Wednesday, October 9, 2013

Celebrating 30 years as a Freelance Writer

 On October 10, 1983 at the age of ten I decided I wanted to be a writer. It’s hard to believe I’ve been doing this for 30 years now.

I started out writing a story called Mayor Fox’s Diamond Day. (Yeah, it’s a stupid title but I was 10 at the time.) From there I went on to make my own homemade comic/book hybrids using loose leaf paper and Elmer’s glue. My first hardcover was an accounting book I copied all my loose leaf stories into.

Fast forward 30 years later and now I’m publishing my own paperbacks and eBooks under the SJS DIRECT imprint.

I’ve come a long way in 30 years. How did I get here?

In my late teens I came to understand the value of Black people controlling their own image in the media. During the crack epidemic of the late 1980’s and early 1990’s I watched as the mainstream media presented crack cocaine not as a national issue affecting everyone in America, but as an inner-city issue for Black people. The Crackhead, usually a nappy headed Black male in raggedy clothes was presented as a terrifying boogeyman everyone needed to be scared of. And the Drug dealer was presented by the media as a savage, ruthless killer who enjoyed killing his own people in drive by shootings.  
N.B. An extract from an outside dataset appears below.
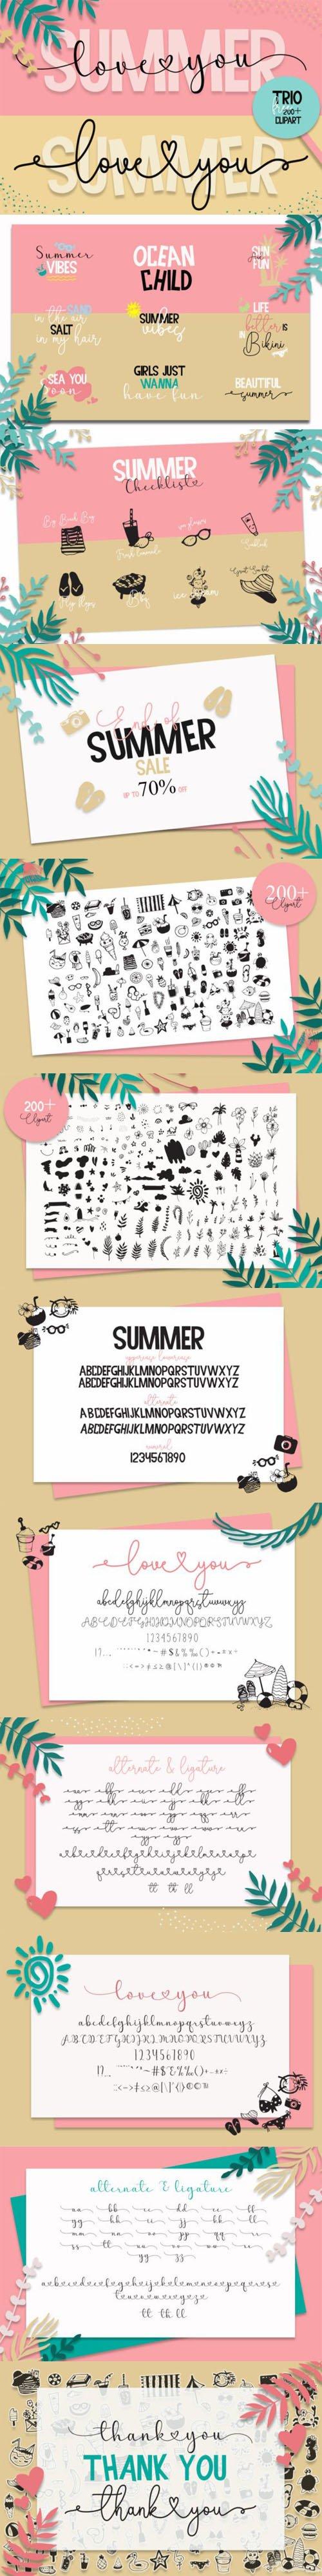 Summer Love You - Playful Duo Font [3-Weights] + Clipart Bonus

Not many knew that the news media had just repackaged the Crackhead as the coon caricature in a brand new package. Nor did they understand that the dope dealers they saw in the news was just the Black Brute in a shiny new wrapper. I had no understanding of what a coon or a Brute was at 17, but I knew that these negative images needed to be countered. And seeing how Black people were being presented in a negative light, I dedicated myself at the age of 17 towards writing positive stories about the Black experience.
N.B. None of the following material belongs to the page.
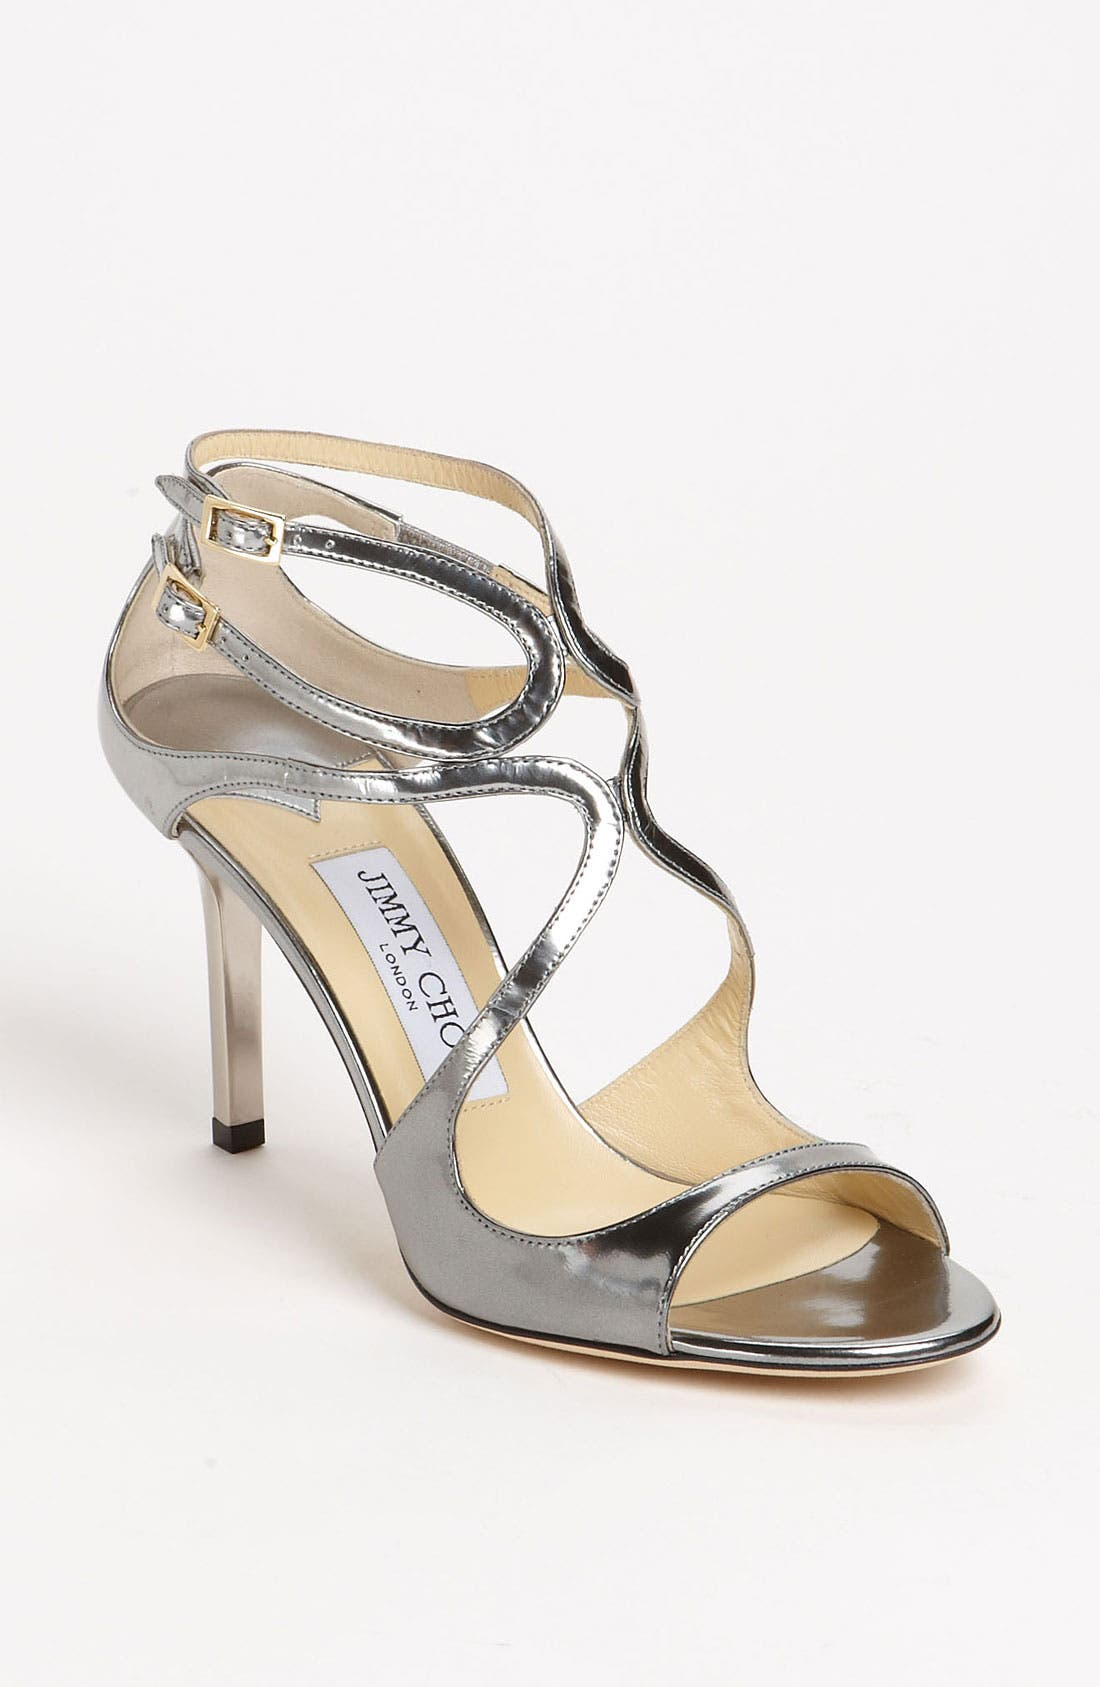 Main Image - Jimmy Choo 'Ivette' Strap Sandal

Seeing the constant niggerization of Black people during the Crack Epidemic in incidents like the Central Park jogger case, The Rodney King case, and the Brian Watkins case, I wanted to tell the stories of the Black people who were decent, hardworking people like myself and my family. Parents who worked jobs. Kids who went to school and got good grades. Kids who aspired to go to college and get jobs. Kids who never touched a drug or even thought of getting involved with the dope man and his crew. People I knew.

I grew up in a family dedicated towards academic excellence where education was considered a priority. I wanted to get the story of people like myself out there and share them with the other young brothers and sisters who could relate to the stories I wanted to tell.

Back in the 1990’s I originally planned to present my stories as comic books. It was my lifelong dream to be a comic book writer. Back then, I thought the best way to inspire young Black boys and girls was through giving them a comic book featuring African-American characters.

Unfortunately, that’s not what God Intended. The Comic book industry collapsed back in 1993, and after I graduated college in 1994, I found myself being forced to pursue a new dream when I was unable to find full-time work.

With the comic book industry in ruins and the job market a brick wall, I became a novelist instead. It took close to a decade for me to hone my skills as a writer and learn how to write a novel. It took close to a year after that to learn the process of how to submit a book to a publisher. And after I finished my first novel, I soon learned about the painful process of rejection.

I got a lot of Nos from the big publishers and literary agents in the 1ate 1990’s. Many liked my writing but couldn’t find a way to market it. At the time I was pushing The Changing Soul, a story for Black men in a time where books for Black women like Waiting to Exhale were dominating the Book market. And I was Pushing Isis, an African-American fantasy book in a time when Black speculative fiction was in its infancy.

But I still believed there was a market for positive stories about the Black experience. So when Print-on-demand publishing became affordable in 2002, I invested $200 of my last $600 from my savings into publishing Isis. It would have been John Haynes’ first story The Changing Soul, but that story had way too many glitches in it.

Turns out that was the best investment I made in my life. Isis wasn’t a blockbuster hit, but it did open a lot of doors for me. The royalties from that book, as small as they were gave me hope and kept me afloat during a long period of unemployment.

I kept writing and I kept honing my skills over the past decade learning how to write screenplays, teleplays, blogs, and non-fiction. By 2009, I was ready to start my own publishing imprint SJS DIRECT. In the past five years SJS DIRECT titles have gotten critical acclaim and books like A Recipe for $ucce$$, All About Marilyn, The Temptation of John Haynes, All About Nikki, The Isis series and The Thetas have found small audiences. I still don’t have that best-seller yet, but I believe if I keep persevering I soon will.


I don’t know what the next 30 years will bring for me. I’m hoping I have that breakthrough book. But what I’m really hoping is that brothers and sisters will get inspired by my writing and start embracing the more positive images of themselves. It would put a smile on my face if I were to see life in the Black community start imitating art I present in my writing.